__Problem description__: How many lines of the records below contain the word "Patio"? Answer with the number alone.

[Saved entries]
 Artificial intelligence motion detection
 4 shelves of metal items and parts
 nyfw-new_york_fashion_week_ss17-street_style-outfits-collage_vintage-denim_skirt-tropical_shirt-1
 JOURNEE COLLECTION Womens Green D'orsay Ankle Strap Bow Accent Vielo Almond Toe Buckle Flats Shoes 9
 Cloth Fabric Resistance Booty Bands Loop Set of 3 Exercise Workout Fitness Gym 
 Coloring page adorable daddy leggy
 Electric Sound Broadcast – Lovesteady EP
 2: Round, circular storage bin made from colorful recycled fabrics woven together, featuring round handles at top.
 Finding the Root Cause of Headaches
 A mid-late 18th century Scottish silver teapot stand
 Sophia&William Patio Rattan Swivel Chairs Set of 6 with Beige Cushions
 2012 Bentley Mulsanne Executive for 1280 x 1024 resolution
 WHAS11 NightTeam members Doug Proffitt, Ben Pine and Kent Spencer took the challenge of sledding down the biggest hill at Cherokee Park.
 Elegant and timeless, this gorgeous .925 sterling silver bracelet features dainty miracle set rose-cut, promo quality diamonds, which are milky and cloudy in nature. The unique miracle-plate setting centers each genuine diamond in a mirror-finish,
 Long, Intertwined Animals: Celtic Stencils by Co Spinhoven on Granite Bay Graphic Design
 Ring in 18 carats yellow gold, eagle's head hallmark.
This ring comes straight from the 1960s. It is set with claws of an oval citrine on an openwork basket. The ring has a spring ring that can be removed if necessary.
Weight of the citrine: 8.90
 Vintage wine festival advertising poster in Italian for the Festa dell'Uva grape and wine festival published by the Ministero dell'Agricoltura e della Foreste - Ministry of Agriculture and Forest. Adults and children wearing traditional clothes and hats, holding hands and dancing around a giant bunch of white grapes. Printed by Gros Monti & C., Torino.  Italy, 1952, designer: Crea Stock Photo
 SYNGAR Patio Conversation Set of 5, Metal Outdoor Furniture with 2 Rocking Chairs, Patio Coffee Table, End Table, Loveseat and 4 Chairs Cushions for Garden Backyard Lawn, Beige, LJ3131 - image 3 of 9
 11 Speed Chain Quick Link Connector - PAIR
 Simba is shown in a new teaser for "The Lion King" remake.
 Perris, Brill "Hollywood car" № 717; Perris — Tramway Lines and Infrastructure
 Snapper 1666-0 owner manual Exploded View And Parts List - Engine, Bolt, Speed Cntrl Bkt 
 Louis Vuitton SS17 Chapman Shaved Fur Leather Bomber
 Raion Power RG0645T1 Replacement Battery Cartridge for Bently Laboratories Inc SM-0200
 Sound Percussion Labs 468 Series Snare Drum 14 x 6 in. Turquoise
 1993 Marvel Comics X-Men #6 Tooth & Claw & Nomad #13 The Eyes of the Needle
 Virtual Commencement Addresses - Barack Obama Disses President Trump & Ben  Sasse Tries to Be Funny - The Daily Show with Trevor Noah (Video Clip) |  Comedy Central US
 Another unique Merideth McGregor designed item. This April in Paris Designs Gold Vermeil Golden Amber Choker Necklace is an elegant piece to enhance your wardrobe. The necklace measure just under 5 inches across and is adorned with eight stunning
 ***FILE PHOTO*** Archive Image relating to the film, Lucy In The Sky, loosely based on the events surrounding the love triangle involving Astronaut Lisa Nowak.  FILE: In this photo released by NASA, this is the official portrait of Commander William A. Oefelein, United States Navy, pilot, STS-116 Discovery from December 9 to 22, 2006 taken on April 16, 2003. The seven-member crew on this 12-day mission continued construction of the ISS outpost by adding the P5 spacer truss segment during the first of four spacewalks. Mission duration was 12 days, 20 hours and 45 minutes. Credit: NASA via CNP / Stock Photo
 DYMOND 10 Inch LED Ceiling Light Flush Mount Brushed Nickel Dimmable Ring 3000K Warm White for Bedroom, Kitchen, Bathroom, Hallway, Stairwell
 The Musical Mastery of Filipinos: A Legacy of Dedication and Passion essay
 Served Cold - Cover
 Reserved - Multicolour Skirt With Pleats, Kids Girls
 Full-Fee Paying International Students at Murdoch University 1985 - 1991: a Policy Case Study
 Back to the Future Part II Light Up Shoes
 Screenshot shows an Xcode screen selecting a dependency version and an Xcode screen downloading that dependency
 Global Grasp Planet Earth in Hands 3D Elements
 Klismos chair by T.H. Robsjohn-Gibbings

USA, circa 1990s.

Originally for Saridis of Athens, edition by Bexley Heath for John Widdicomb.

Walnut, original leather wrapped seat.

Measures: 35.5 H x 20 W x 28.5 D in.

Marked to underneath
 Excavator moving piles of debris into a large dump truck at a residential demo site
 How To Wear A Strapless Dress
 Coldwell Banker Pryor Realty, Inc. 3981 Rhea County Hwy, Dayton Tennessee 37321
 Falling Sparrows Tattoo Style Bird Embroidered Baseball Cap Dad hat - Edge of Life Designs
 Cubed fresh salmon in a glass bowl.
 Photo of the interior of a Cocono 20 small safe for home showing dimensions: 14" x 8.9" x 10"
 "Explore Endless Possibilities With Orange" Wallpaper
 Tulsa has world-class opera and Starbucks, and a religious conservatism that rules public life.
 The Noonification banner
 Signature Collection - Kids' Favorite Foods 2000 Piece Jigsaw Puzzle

__Finished exercise__: 2